Figure 1) Trial design. HCTZ Hydrochlorothiazide; V Visit; W Week.
After four weeks of placebo therapy, any patient who was normokalemic with a supine diastolic blood pressure between at least 95 mmHg and 114 mmHg or less was randomized and entered the double-blind treatment period. A normal serum potassium range was established as 3.5 to 5.5 mmol/ L for enrolment. Patients did not receive test medication on the morning of their scheduled visit except when their visit was scheduled for the afternoon and their blood pressure would have been measured more than 30 h following the last dose of medication. Visits were scheduled at the same time of the day to obtain trough blood pressure values. Duplicate supine and standing blood pressure measurements were obtained during the physical examination at each visit and the mean value of the two determinations was recorded as the measurement for that visit. The supine measurement was taken after 3 to 5 mins ofrest in the supine position; the standing measurements were taken immediately upon standing and after 3 mins in the standing position. You can start improving your health any moment you like: with the variety of choice available at the best there will never be any need to worry about the product or treatment required, because you will always have it available.

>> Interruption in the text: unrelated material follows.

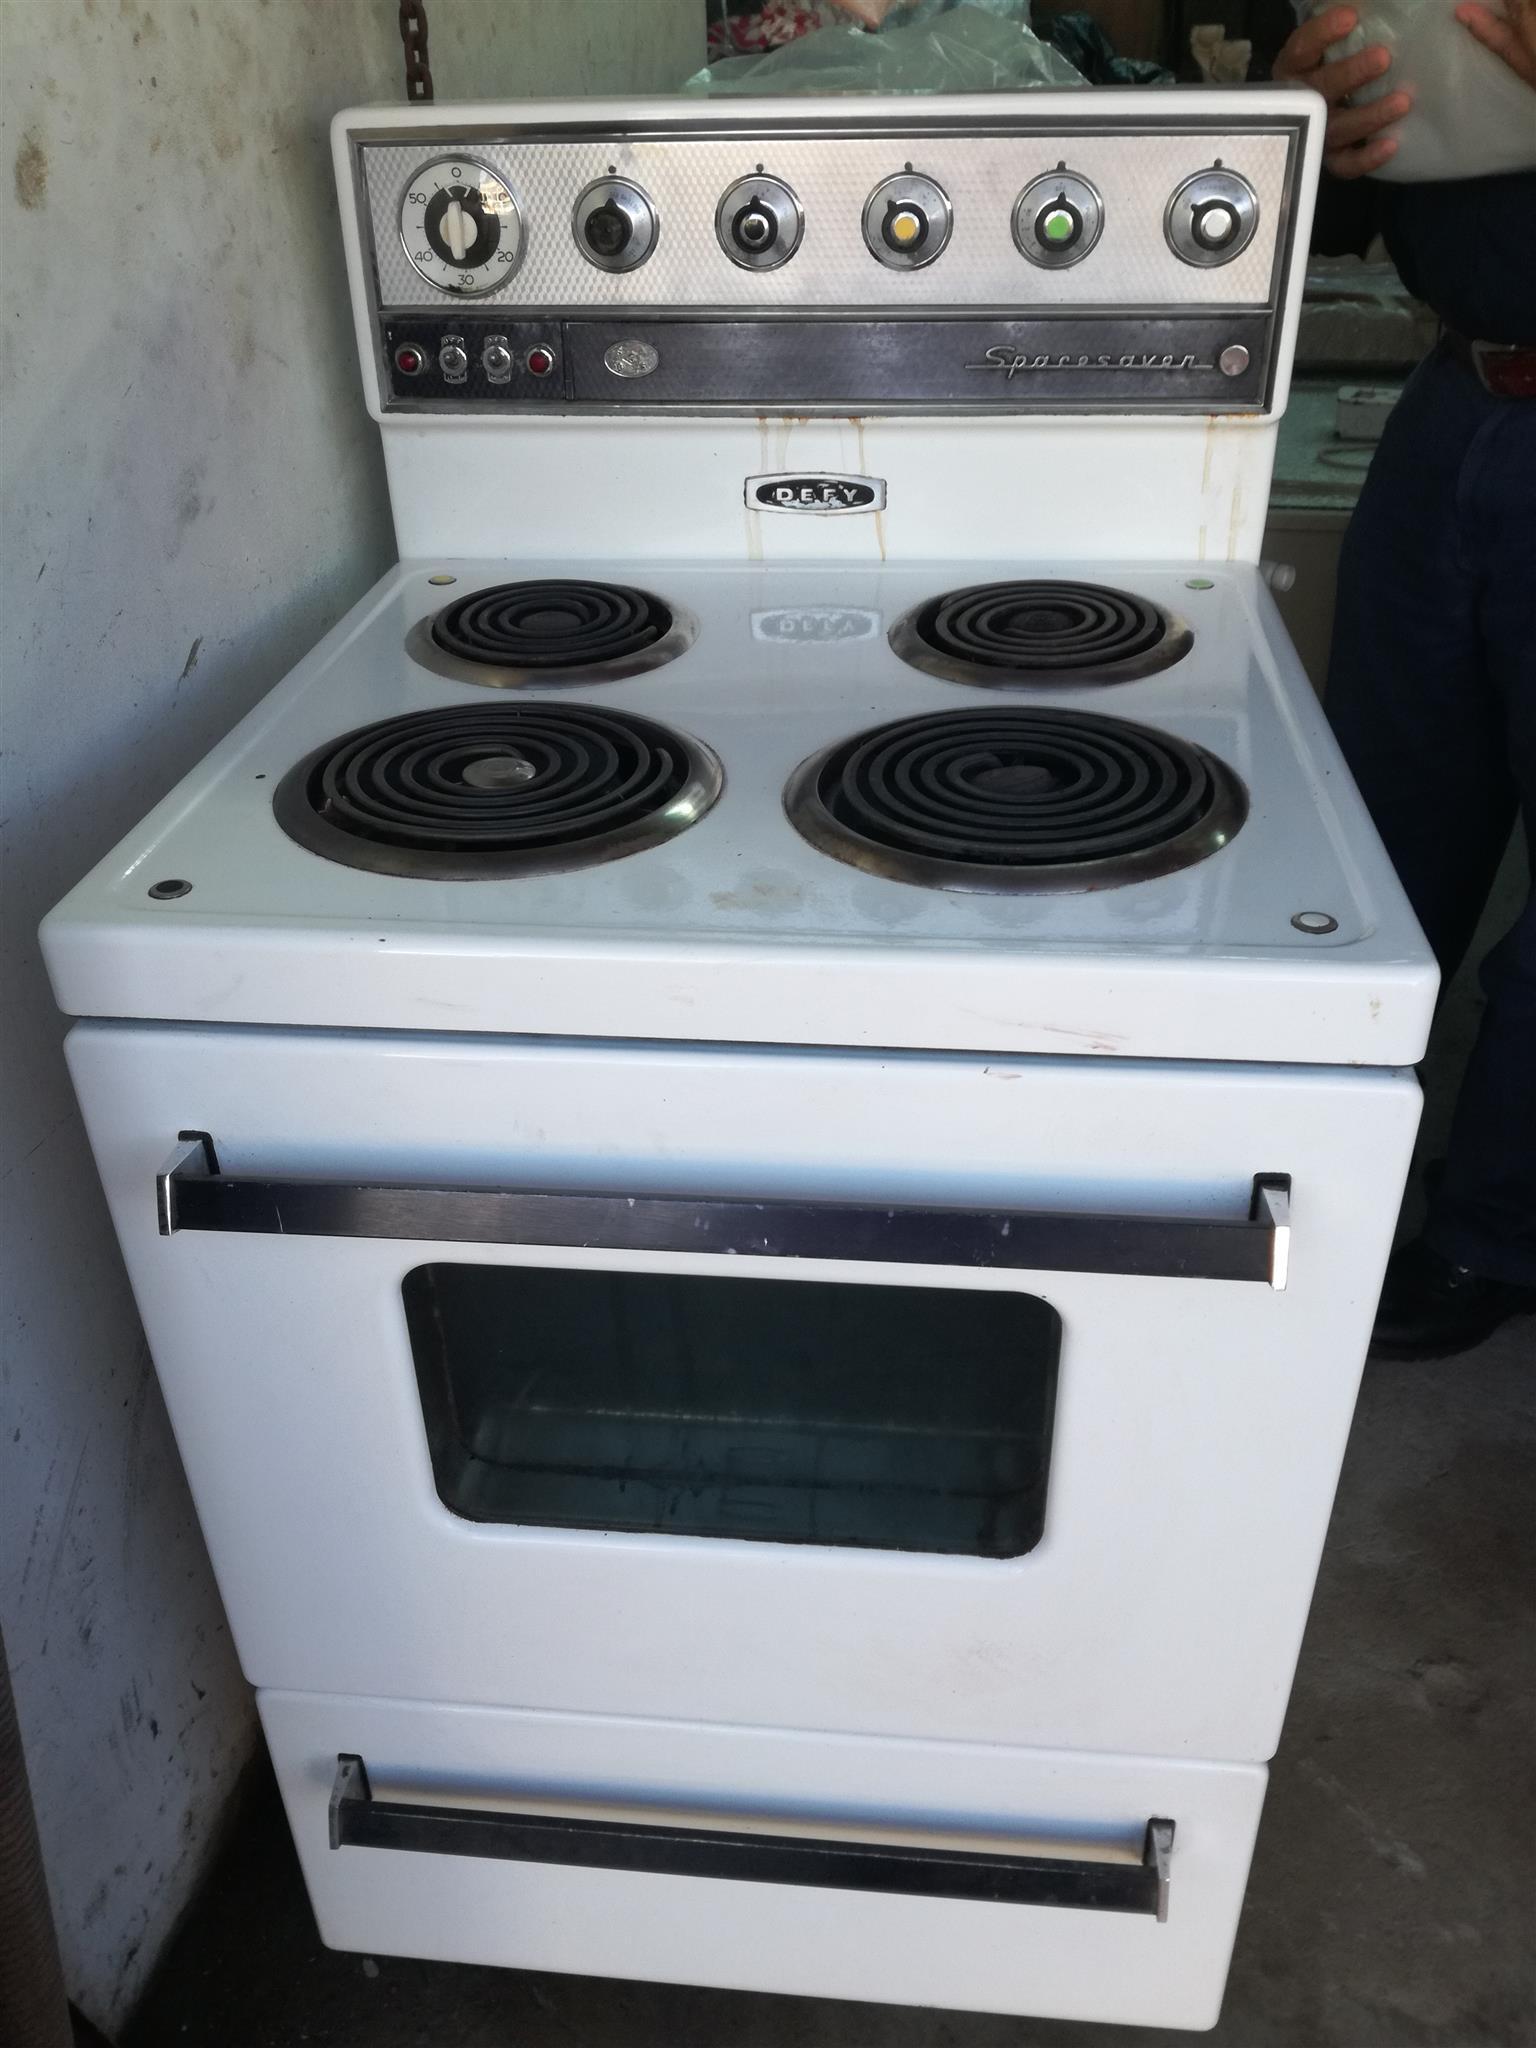 4 plate Defy stove

The active treatment period consisted of a four-, eight- or 12-week titration period, depending on the individual patient response to a titrated dose, followed by a maintenance period offour weeks at optimum or maximum dose. At the beginning of the titration period, patients were randomly assigned to treatment with either enalapril 5 mg or hctz/ amiloride 25/ 2.5 mg once daily for four weeks. At the same time, patients took placebo tablets that matched the comparative agent in appearance. Patients whose blood pressure was controlled at the end of the first titration (end of week 8) entered the maintenance period and continued with one tablet of active medication and one tablet of placebo daily for four more weeks (end of week 12). Satisfactory blood pressure control was considered to be a supine diastolic blood pressure of 90 mmHg or less and a drop of at least 10 mmHg in diastolic pressure from study baseline.